Rot-Grün in allen Umfragen deutlich unter 40 Prozent

„Eine andere, eine progressive Mehrheit, die den Wandel annimmt und gestaltet, geht nur mit einem rot-grünen Kern“, betont Walter-Borjans. „Angesichts der Herausforderungen vor denen Deutschland während und auch nach der Pandemie steht, halte ich eine verlässliche Zusammenarbeit mit den Grünen, gerade im Hinblick auf eine klimaneutrale Industriepolitik, für die richtige Kombination.“

Dass es dafür bei der Bundestagswahl Ende September reicht, ist allerdings höchst unwahrscheinlich: Im Sonntagstrend kommen die Partei zusammen nur auf 35 Prozent, auch in anderen Umfragen bleiben sie zusammengenommen deutlich unter 40 Prozent.

Seine Partei kämpfe zunächst für ein eigenes gutes Ergebnis, sagte Grünen-Politiker Kellner. „Denn das ist der Garant dafür, dass die Gesellschaft sozialer und ökologischer wird.“ Über Koalitionen werde man sprechen, wenn die Wahlergebnisse feststünden. „Dabei werden wir mit allen demokratischen Parteien sprechen.

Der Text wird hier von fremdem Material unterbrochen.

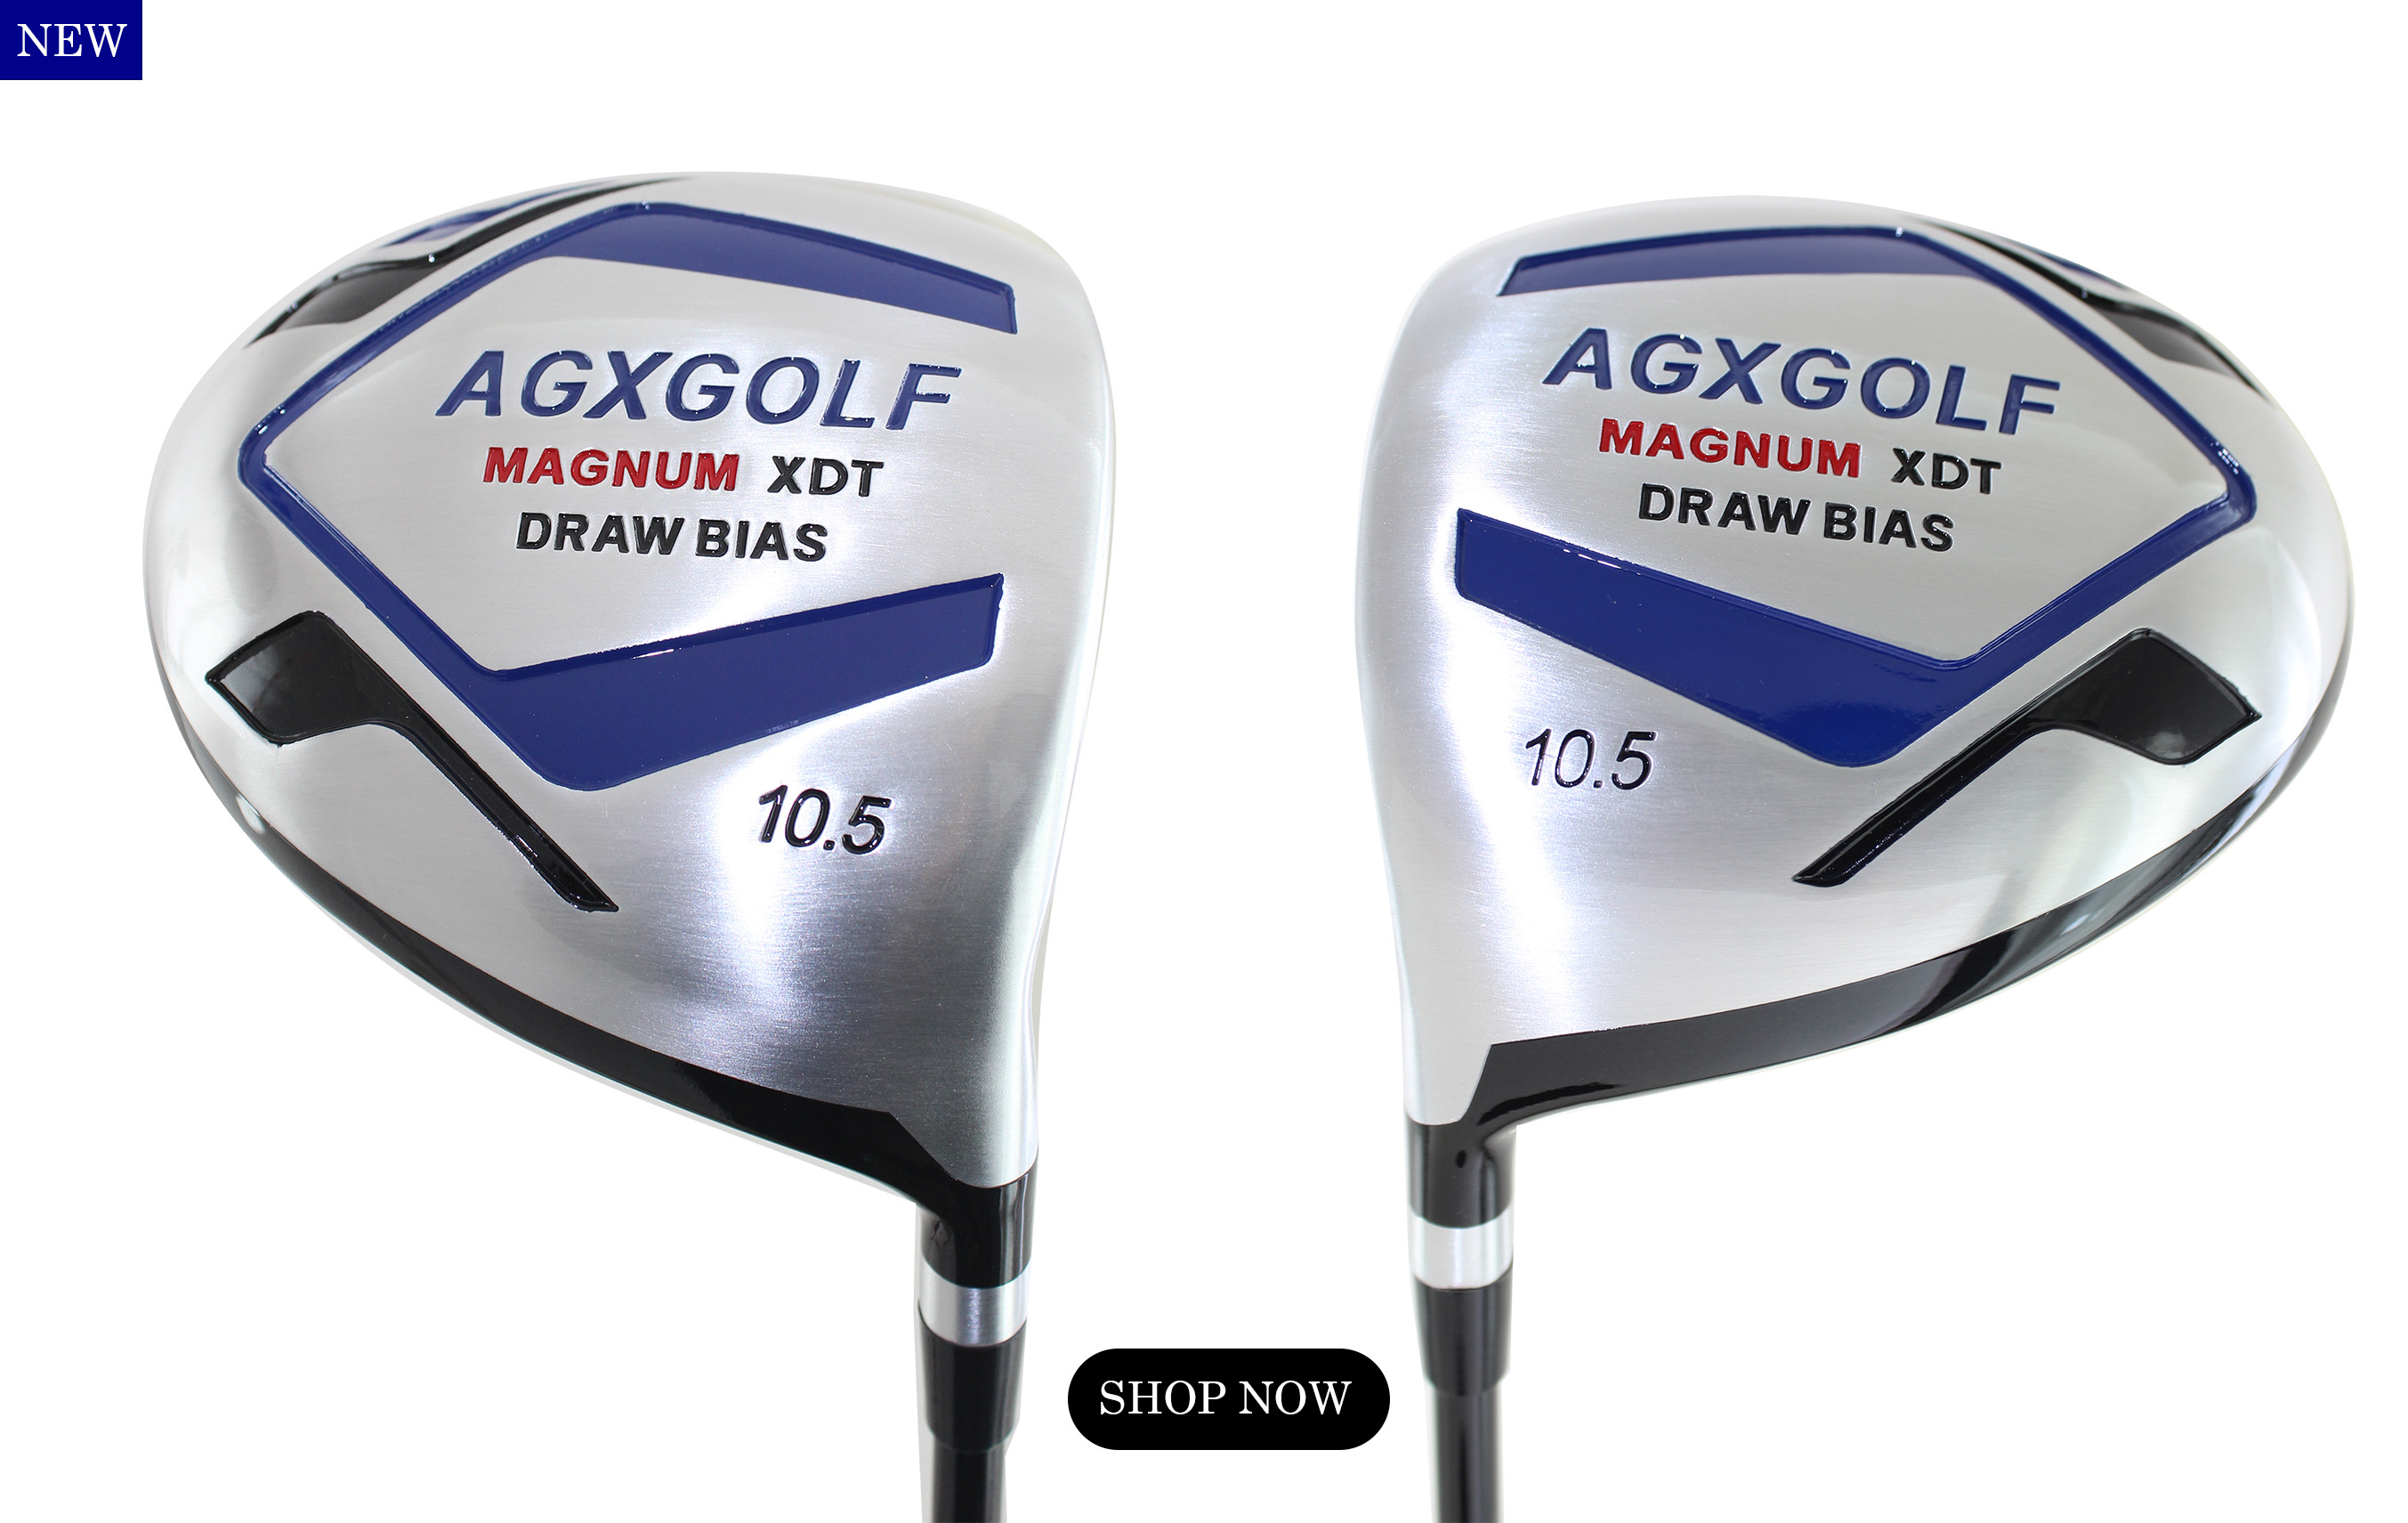 AGXGOLF.COM, Golf's Best Value: Golf Clubs for all sizes Built in the USA. Men's Ladies, Seniors, Boy's, Girls & Juniors. Left and Right Hand. We stock set, drivers, fairay any utility

Aber natürlich werden wir genau ausloten, mit wem wir am meisten durchsetzen können.“

Hindernisse gebe es in allen denkbaren Konstellationen zu überwinden. „Liebesheiraten gibt es in der Politik nicht.“

Bundesbürger sehen Söder weit vor Laschet

Kellner trat dem Eindruck entgegen, dass eine Koalition mit CDU und CSU nach der Wahl gesetzt sei. „Uns Grünen geht es bei der Bundestagswahl nicht darum, wer neben der Union den Juniorpartner stellt. Es geht für uns darum, die Union im Kanzleramt abzulösen. Es geht um Grün gegen Schwarz, nicht um Schwarz-Grün.“

Noch ist offen, mit welchem schwarzen Spitzenkandidaten die Grünen im Falle eines Falles zu verhandeln hätten. CDU-Chef Laschet hatte eine Entscheidung über die Kanzlerkandidatur zuletzt für das Frühjahr angekündigt.

Den Ergebnissen der Kantar-Umfrage zufolge sehen die Bundesbürger CSU-Chef Markus Söder bei der Frage nach dem Kanzlerkandidaten der Union bei der anstehenden Bundestagswahl vorne. Er sei wesentlicher geeigneter als der CDU-Vorsitzende Armin Laschet: Söder kommt auf eine Zustimmung von 50 Prozent der Befragten, Laschet überzeugt 24 Prozent. 26 Prozent sind unentschieden.